Regulation of purposes of processing needs to be done case-by-case and sector-by-sector, something the Europeans don’t like. And yet, as problems are very specific (different normative considerations, and different solutions, come into play when speaking about data leading to discrimination in hiring, and contributing to depression in teens) responses need to be tailor-made as well.
In a world in which almost everything is data-driven, the activities of the Big Tech are no longer a personal data protection problem (only). They are consumer law problems, employment law problems, discrimination law problems, mental health law problems, etc. And they need to be addressed as such, by these laws, with a deep understanding of the technology and business models beneath them.
So, is the GDPR a bad law, as I provocatively wrote a couple of paragraphs earlier? Today, in action, it is.
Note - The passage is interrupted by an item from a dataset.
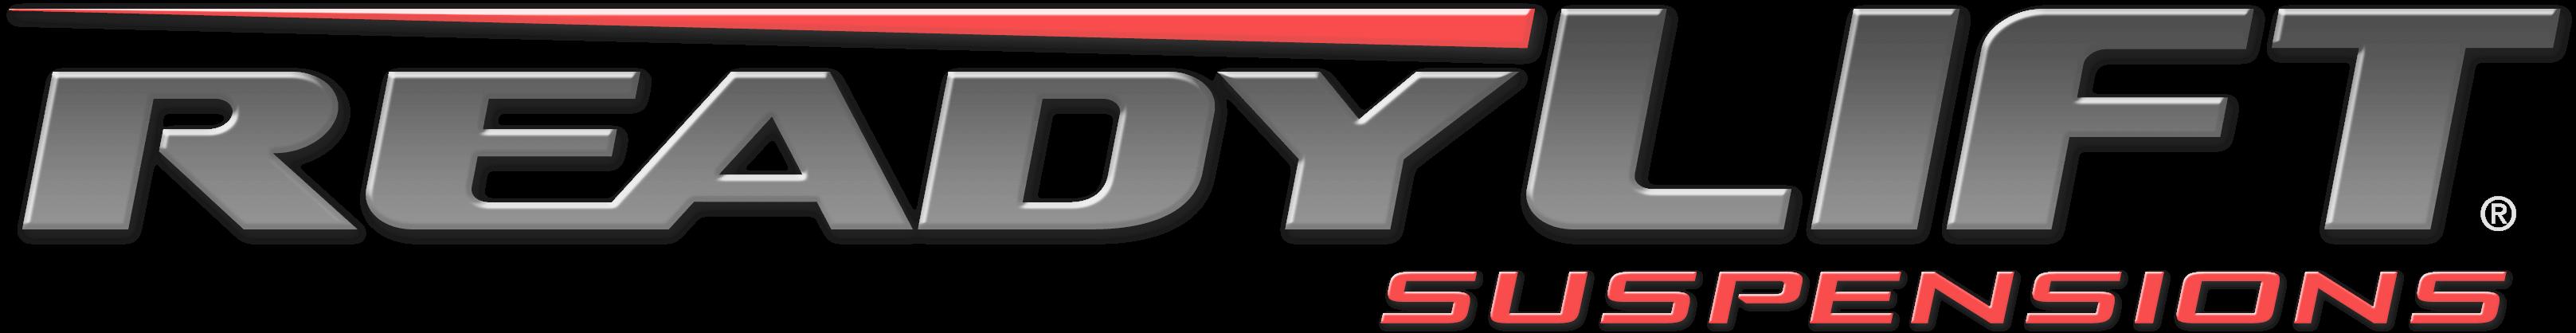 readylift logo
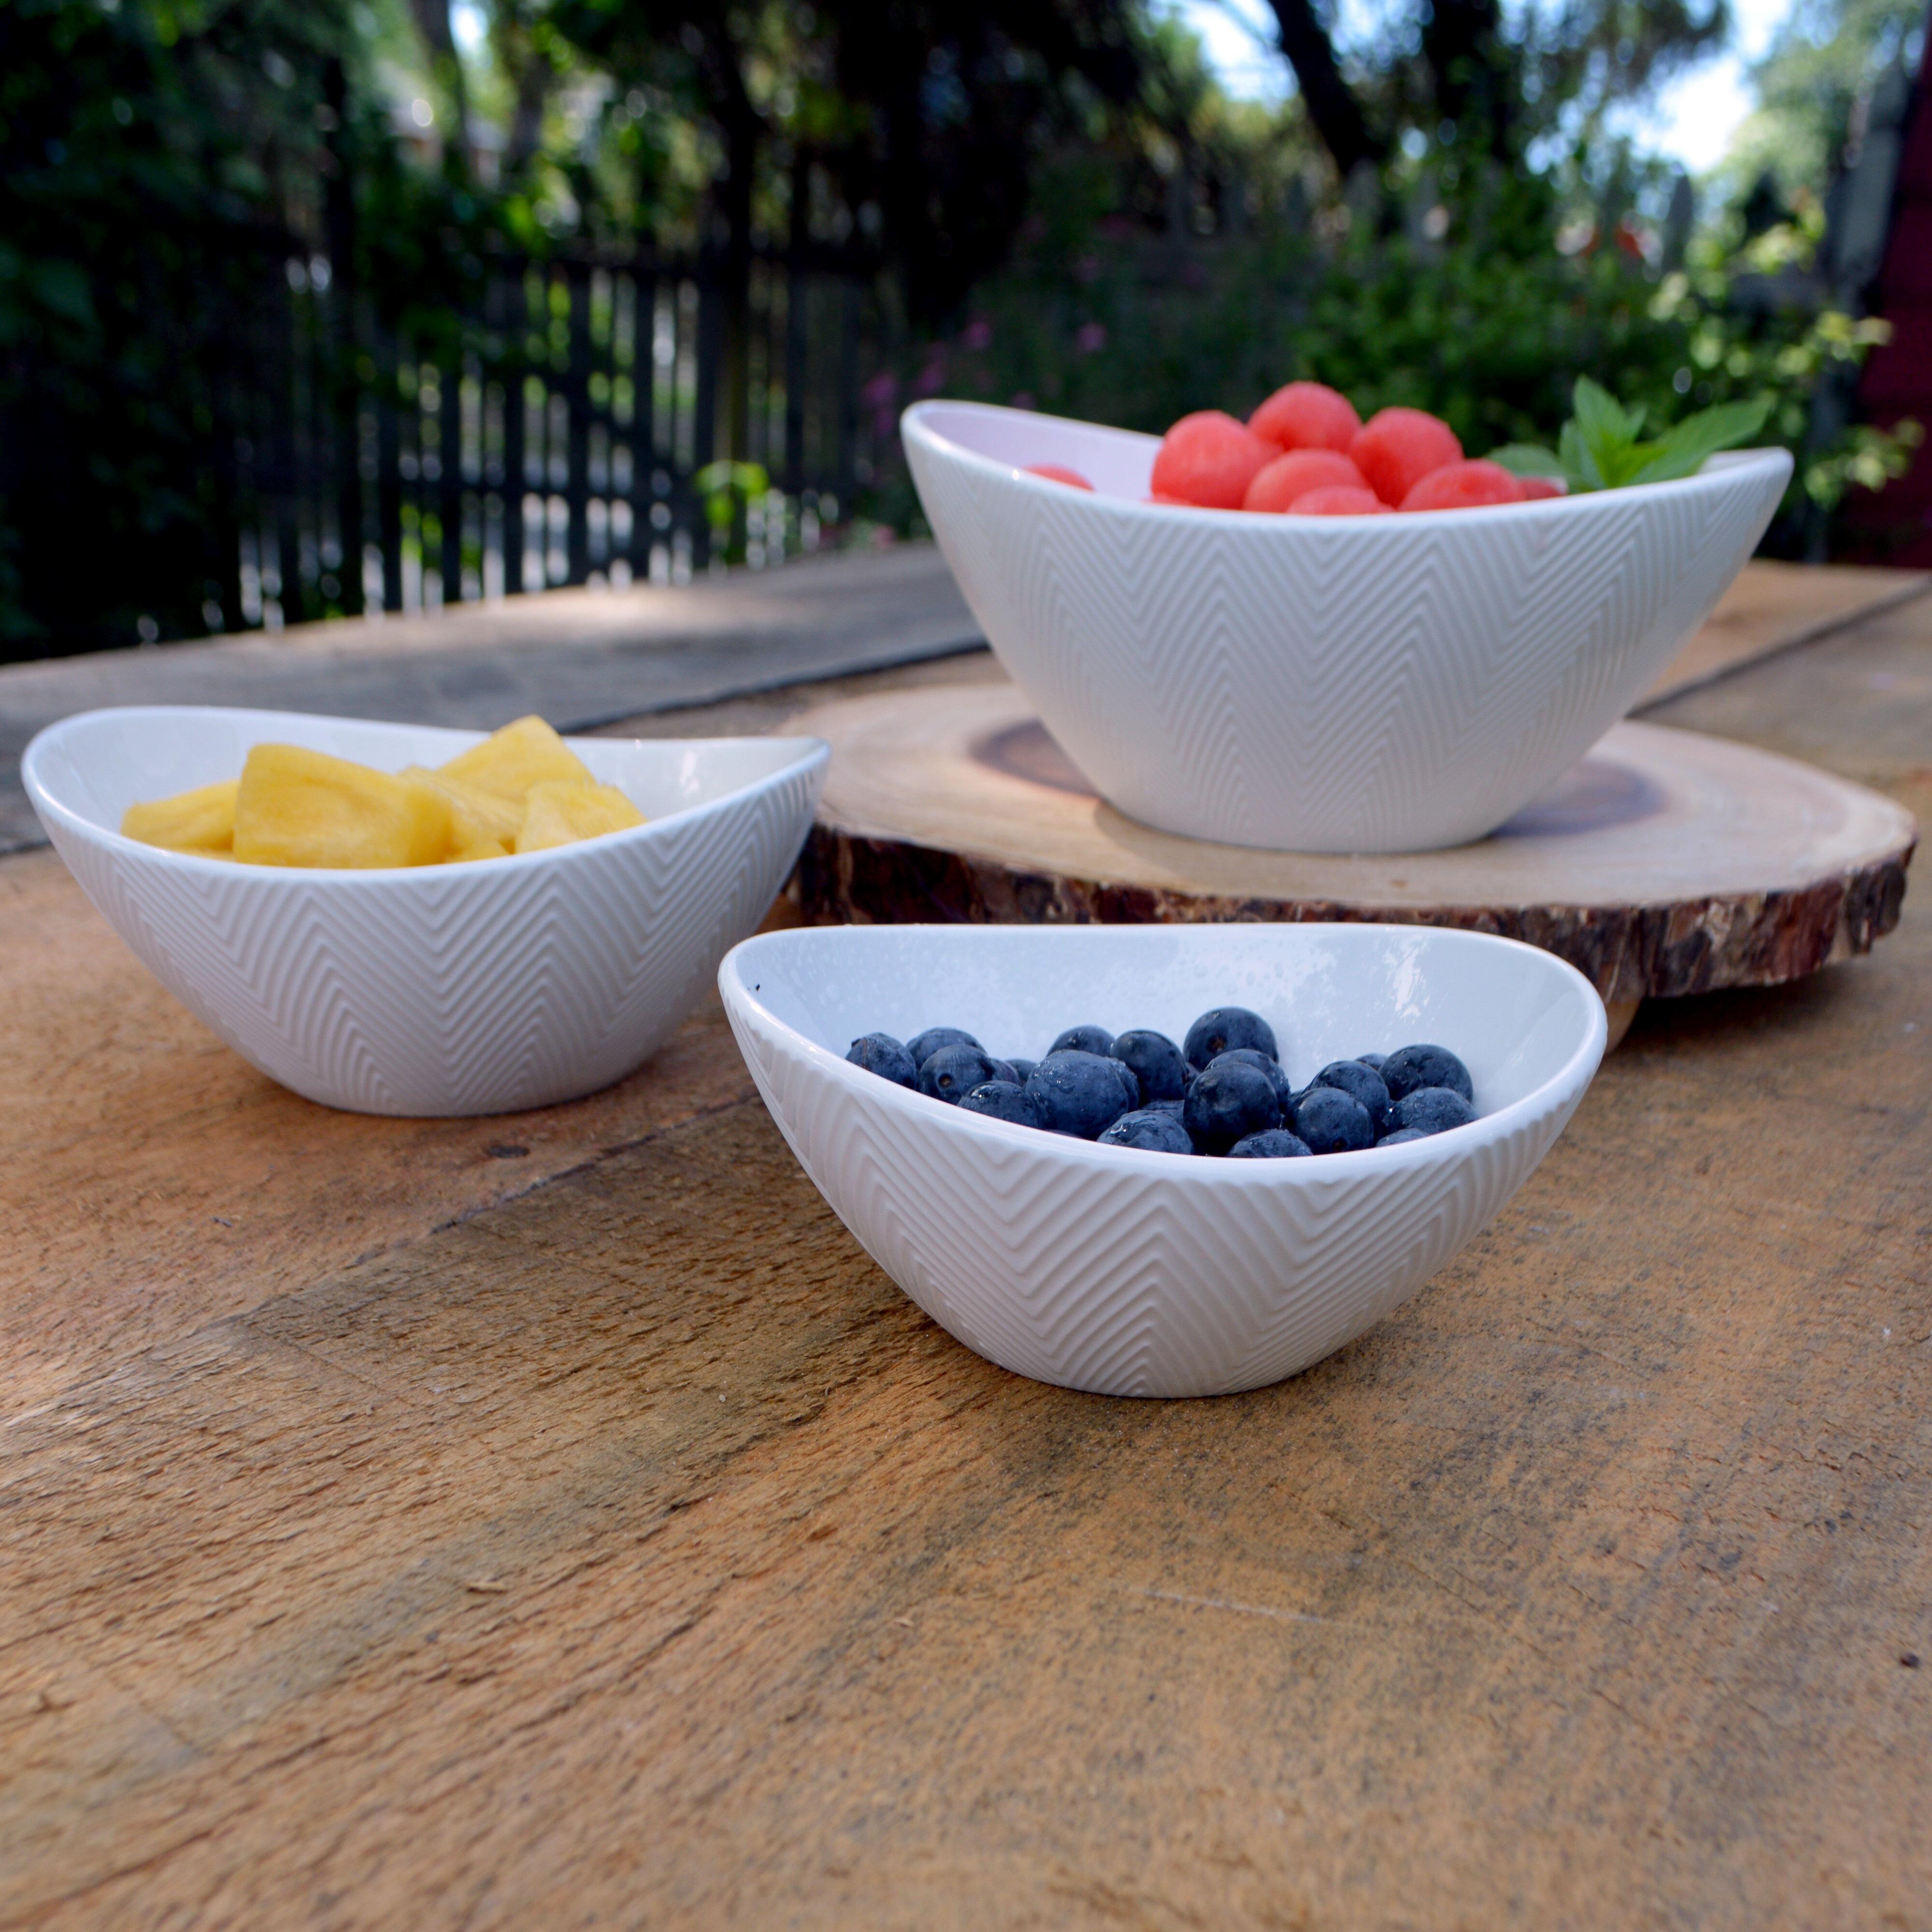 Microwave Safe Set Of 3 Serving Bowls You Ll Love In 2021 Wayfair

It does not have to be, if it is accompanied by substantive regulation of specfic purposes of processing, business models, and types of contracts. If one looks at the history of the idea that ultimately became the GDPR, this was the plan back in the 1970s. But then, you know, Ronald Regan and Margaret Thatcher happened, followed by Bill Clinton, Gerhard Schroeder, and Tony Blair, and we all kind of fell in love with neoliberalism, and delegated these choices entirely to the market. It’s time to wake up.
Concluding: the reformists’ call for the centralization of GDPR’s enforcement in cross-border cases – against companies like Meta or Google – is a step in the right direction but will solve much less than participants in the EDPS Conference have been assuming. It is a necessary move but, by far, insufficient. Or, put differently: it is a second-order problem, discussed widely, while the first-order problem remains unaddressed. The good thing is that regulation of purposes of processing might actually be easier than re-opening the GDPR. The bad thing is that no one thinks about doing it.
Shall we try to plant this idea now?